In Dimitrijevic’s version of Mary Shelley’s tale, Dr Victoria Frankenstein seeks scientific enlightenment as a means of escaping the obligations of a woman’s place in society. Her adaptation of Ibsen shows Hedda to be similarly constrained, though rather than reanimating body parts, she subjects those around her to a manipulative thought-experiment whose destructive impulse seems to be the expression of a disintegrating mind. From her first appearance, Victoria Elliott’s Hedda appears distracted, newly returned from a stultifying honeymoon which her husband Tesman spent collecting data for his academic treatise on Dutch cottage industries. “I know everything there is to know about thatched roofs and wattle and daub,” she spits, with the malicious undercurrent of one who would burn every Dutch cottage to the ground given half an opportunity.

Hedda Gabler endures the conversation of Judge Brack, Lovborg and her husband Tesman.
Self-absorption … Hedda Gabler endures the conversation of Judge Brack, Lövborg and her husband Tesman. Photograph: Topher McGrillis

Elliott shows a keen response to the character’s absurdity, particularly the manner in which she floats the outlandish proposal of pressing her ineffectual husband into politics. “Do you think you could see Tesman as prime minister?” she posits, though the fustian academic is played with such booby-ish self-absorption by Ed Gaughan it would be like Lady Macbeth backing Mr Casaubon to become king of Scotland. And there’s an alarmingly unhinged moment when she mounts the table for a spot of live target practice with her dead father’s pistols.

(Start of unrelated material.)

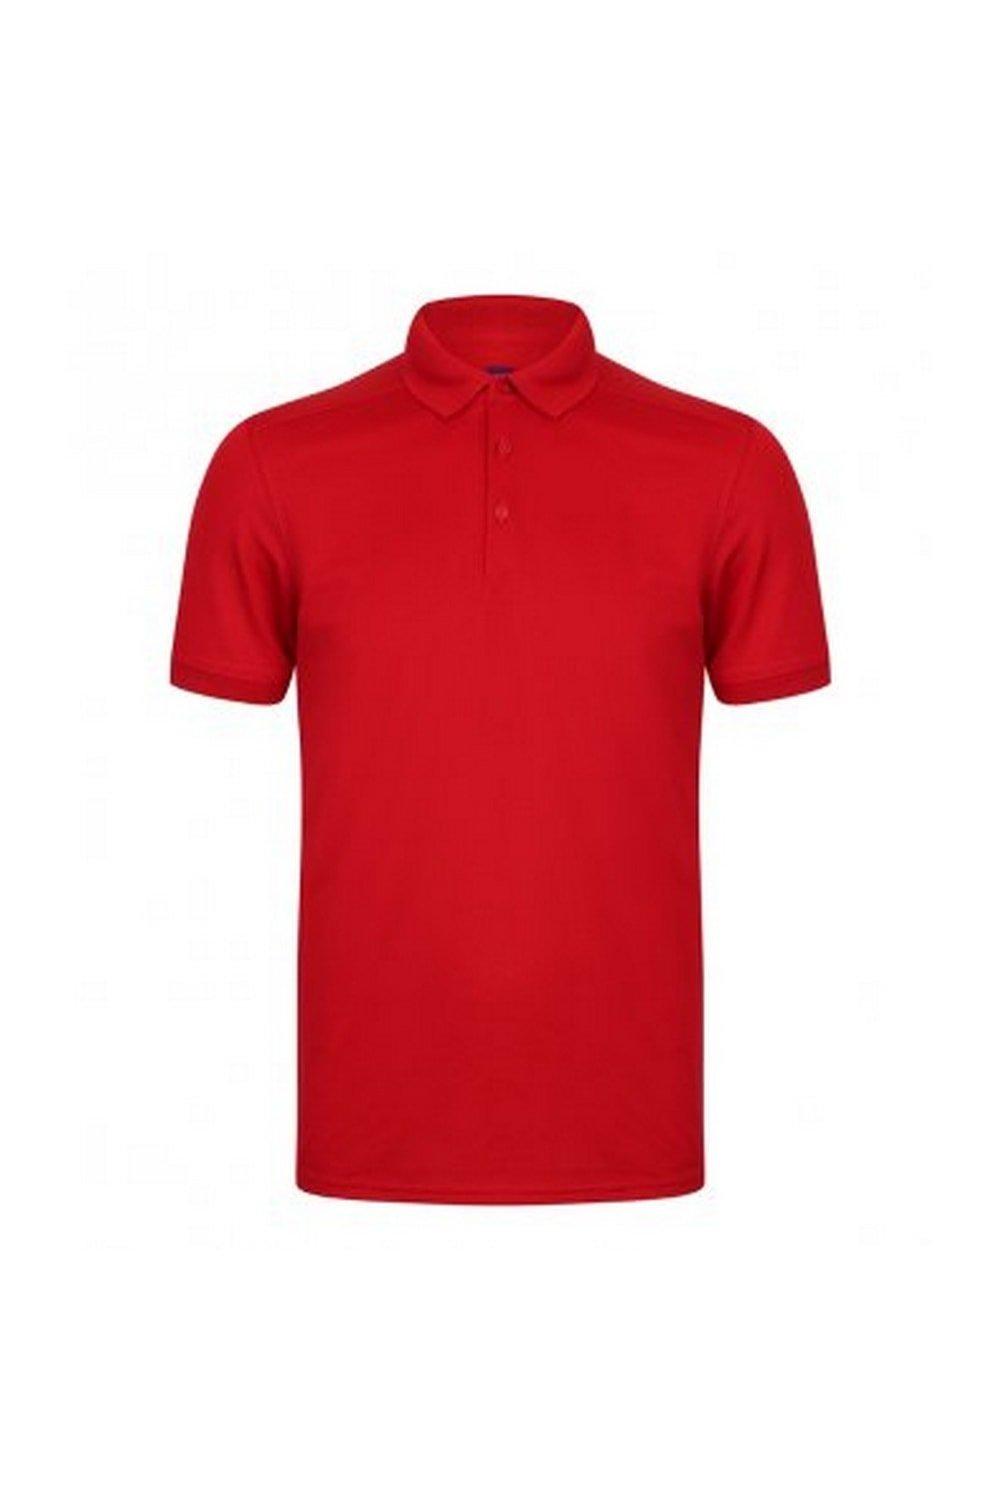 цена Рубашка поло из пике стрейч из микрофайна Henbury, красный

It’s a performance that arguably does not need Dimitrijevic’s most intrusive interpretative trope, which is to freeze the action whenever the red mist descends, isolating Hedda in a pool of light and expressing her rage in increasingly histrionic fashion. Though jarring in effect, it diminishes the overall impact of the play if the other characters become mere accessories to Hedda’s psychodrama. And the concept is in severe danger of overplaying its hand with a metatextual sequence following Hedda’s suicide, in which Elliott tears off her corset and fires several further rounds into the abandoned costume on the floor.

One can appreciate the symbolism that from a suffocating chrysalis of whalebone, a modern woman has been born. Yet it is gesture symptomatic of a trigger-happy production that ultimately succeeds only in shooting itself in the foot.